Bangladesh–Mali relations refer to the bilateral relations between Bangladesh and Mali.

Both countries are members of Non-Aligned Movement and Organisation of Islamic Cooperation.

== Peacekeeping operations in Mali ==
As part of the United Nations Multidimensional Integrated Stabilization Mission in Mali, Bangladeshi peacekeepers have been deployed in Mali since April 2014, when the first contingent of 112 Bangladesh Army personnels left Dhaka for Mali. Ultimately six Bangladeshi contingents will be deployed in the mission through phases, consisting of 1,446 personnels. The contingents include a battalion of Bangladesh Army and a naval unit. Besides, two signal units, one engineering unit and one transport unit will also be serving in the mission.

== Economic relations ==
Bangladesh and Mali have shown mutual interest in expanding their bilateral trade and investments. Mali has shown keen interest to import fertilizer from Bangladesh. On the other hand, as Mali is a large producer of cotton, Bangladesh expressed its deep interest to import huge quantity of cotton for its large textile industry. Bangladeshi garments, pharmaceuticals, jute and tea have been identified as potential products in the Malian market. The need for the exchange of business delegations between the two countries have been stressed to strengthen the bilateral economic relations. Besides, formation of a joint economic council have been proposed.

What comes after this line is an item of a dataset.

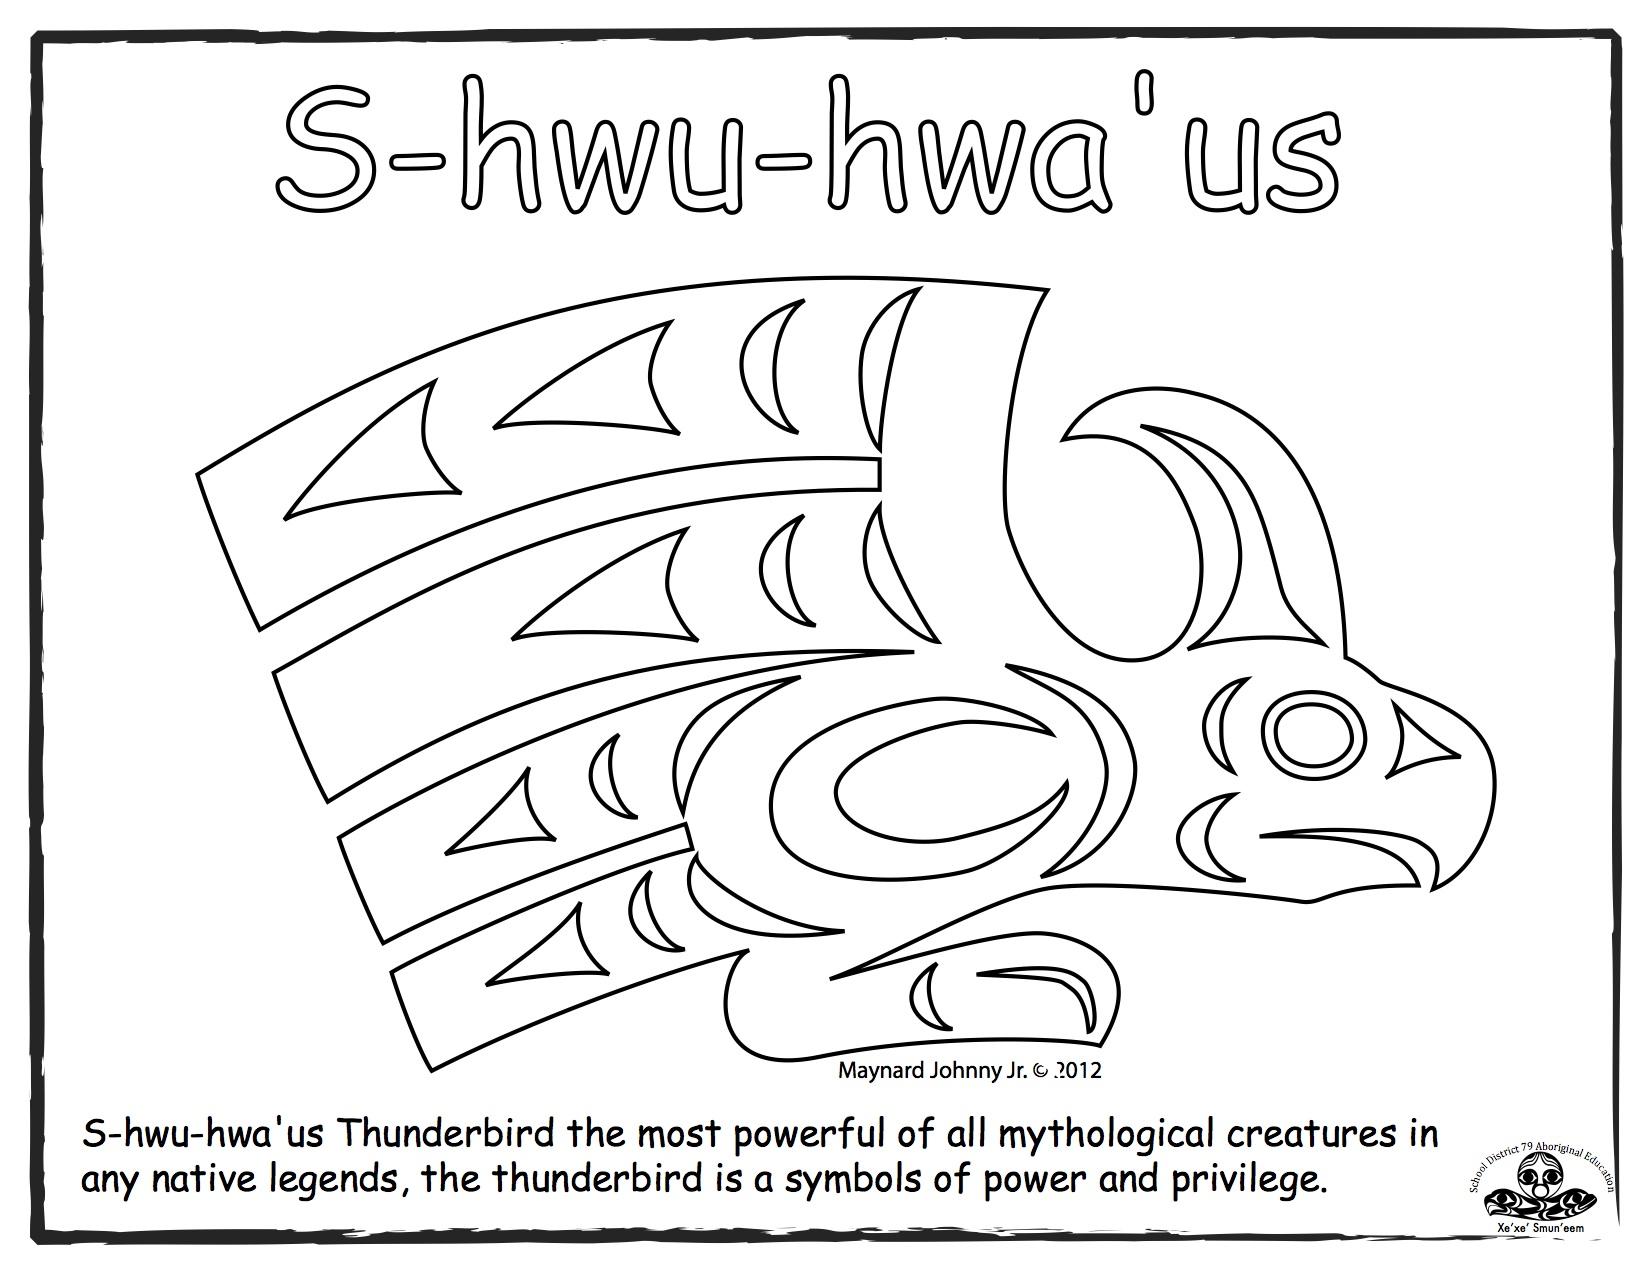 thunderbird-s-hwu-hwaus-outline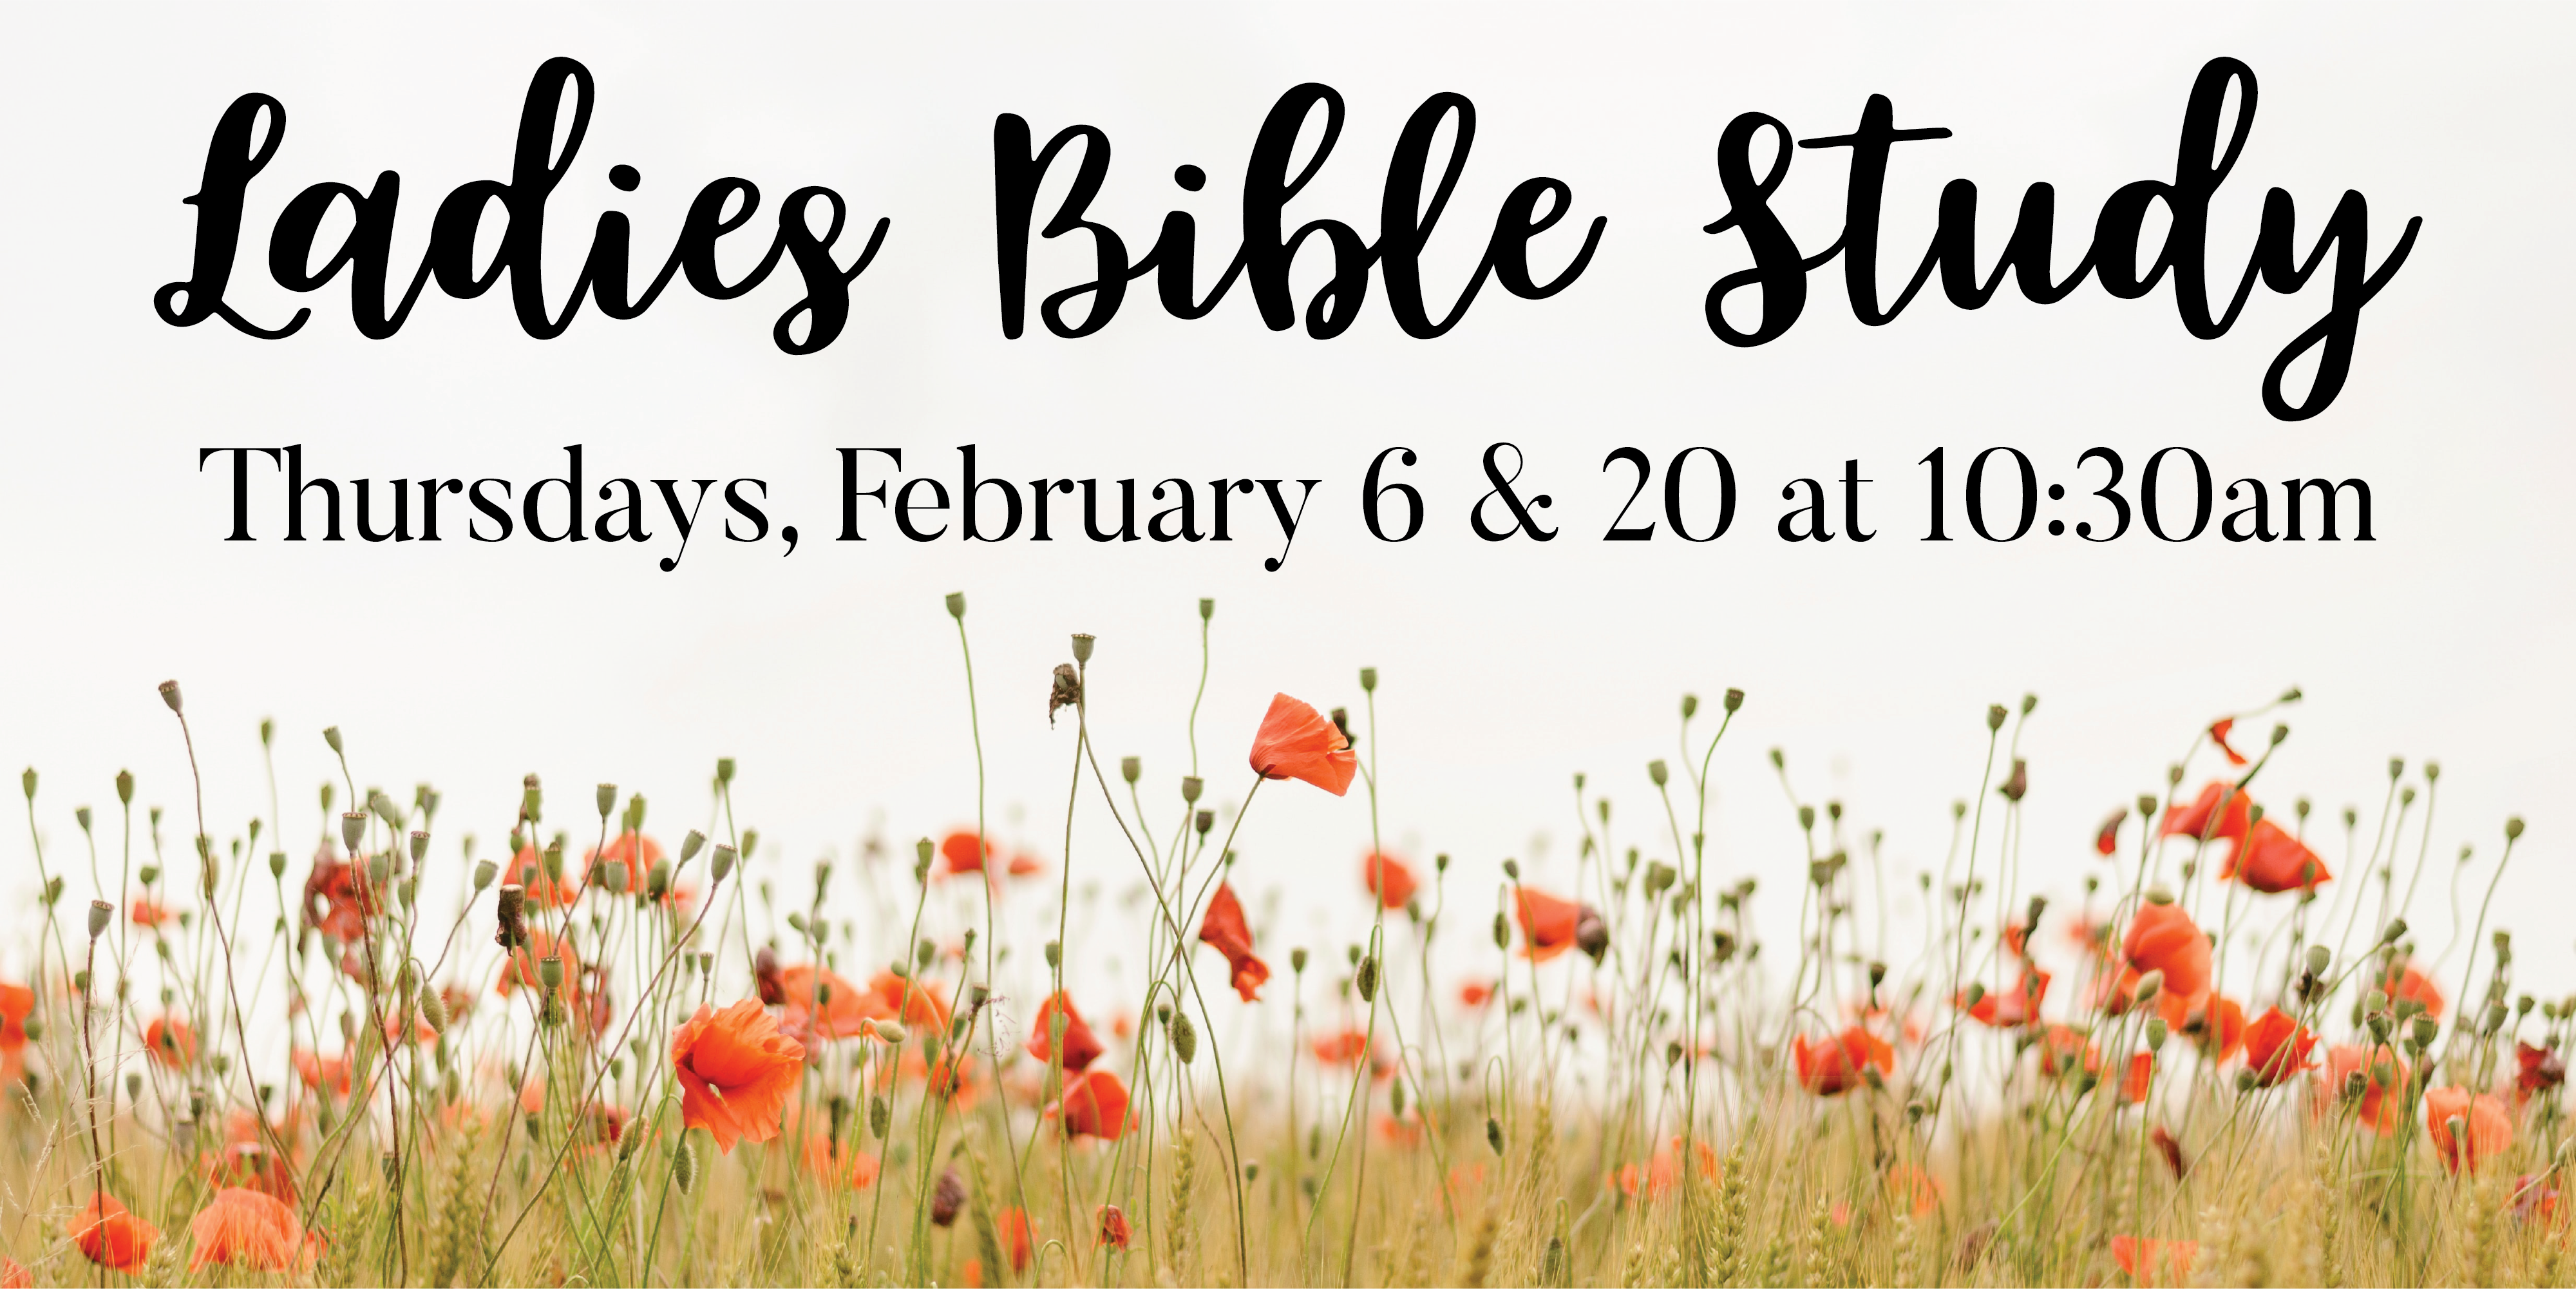 Highlands Presbyterian Church Grayson Georgia Womens Bible Study

In 2014, Bangladesh Tariff Commission prepared a feasibility study for the benefits of signing new Free/Preferential trade agreements with African states and recommended that Mali along with Nigeria are the most promising countries for signing such agreements.

== Diplomatic missions ==
Neither country has a resident embassy or consulate in each other's territory. The Malian embassy in New Delhi has non-resident accreditation to Bangladesh.